Возмездие воспоследовало молниеносно! Я, Тюхин, и глазом не успел моргнуть, как
Иона Варфоломеевич, будущий адмирал-старшина Миротворческих Сил Мироздания
(МСМ), всплеснув руками, рухнул на спину, поверженный ее сокрушительным, прямым
правым в лоб!..
Старшинская фуражка, вихляя, подкатилась по паркету к моим ногам.
Пользуясь тем, что Христина Адамовна, зарыдав, уронила груди на прилавок, я,
как на фронте, как под Кингисеппом, выволок потерявшего сознание товарища на
свежий воздух, в заросли дикорастущей крапивы. Товарищ старшина был плох. Его
помутившиеся, стального цвета, глаза не узнавали меня.

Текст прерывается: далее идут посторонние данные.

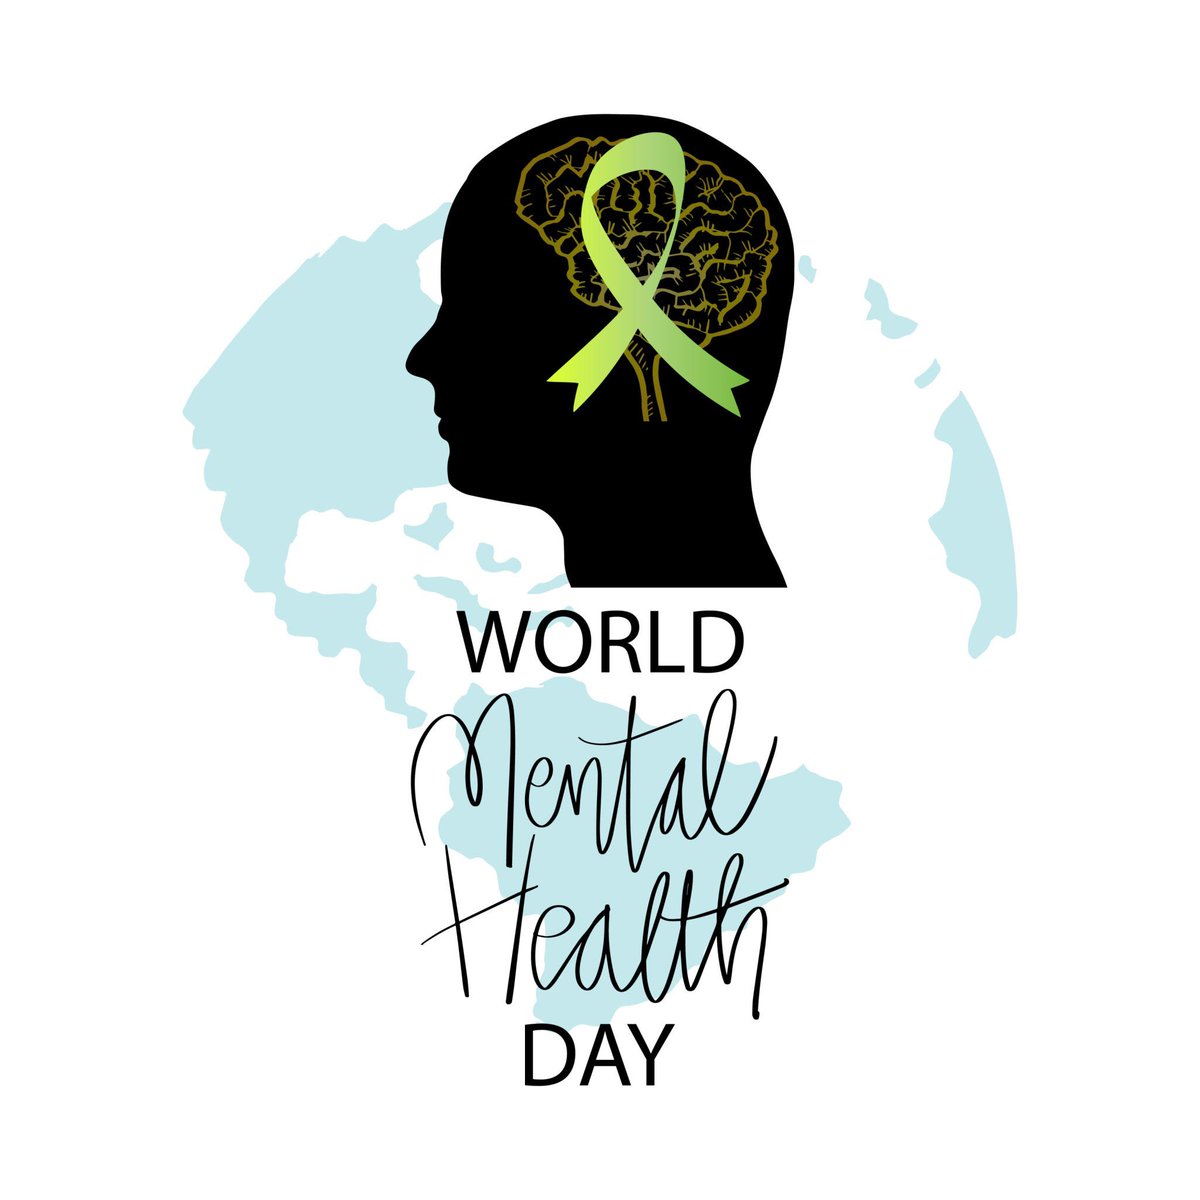 Today is World Mental Health Day! Remember that everyone is battling something and kindness, empathy, and understanding goes a long way! 💚
#champforkids

-- Ты хту?.. Хту ты?.. -- вздрагивая, шептал он.
-- Свой я, Тюхин моя фамилия, -- бережно надевая фуражку на его нечеловечески
огромную, 64-го размера, лысину, -- успокаивал я. Помните, мы еще с вами у
Даздрапермы Венедиктовны служили?
-- У Даздраспэр... У-у!.. -- взор его мученически тускнел. -- Эту ты?.. Ты-и?!
Ты зачэм мнэ в супуг нассал?..
-- А вы? Вы-то ее зачем так? Ну да, ну -- еще одна даздраперма, каких свет не
видывал, но чтобы женщине, Матери, чтобы прямо в лицо?!
-- Тук я жэ для тьебя, укуяннугу, суку, суку туматнугу хутел спрусить!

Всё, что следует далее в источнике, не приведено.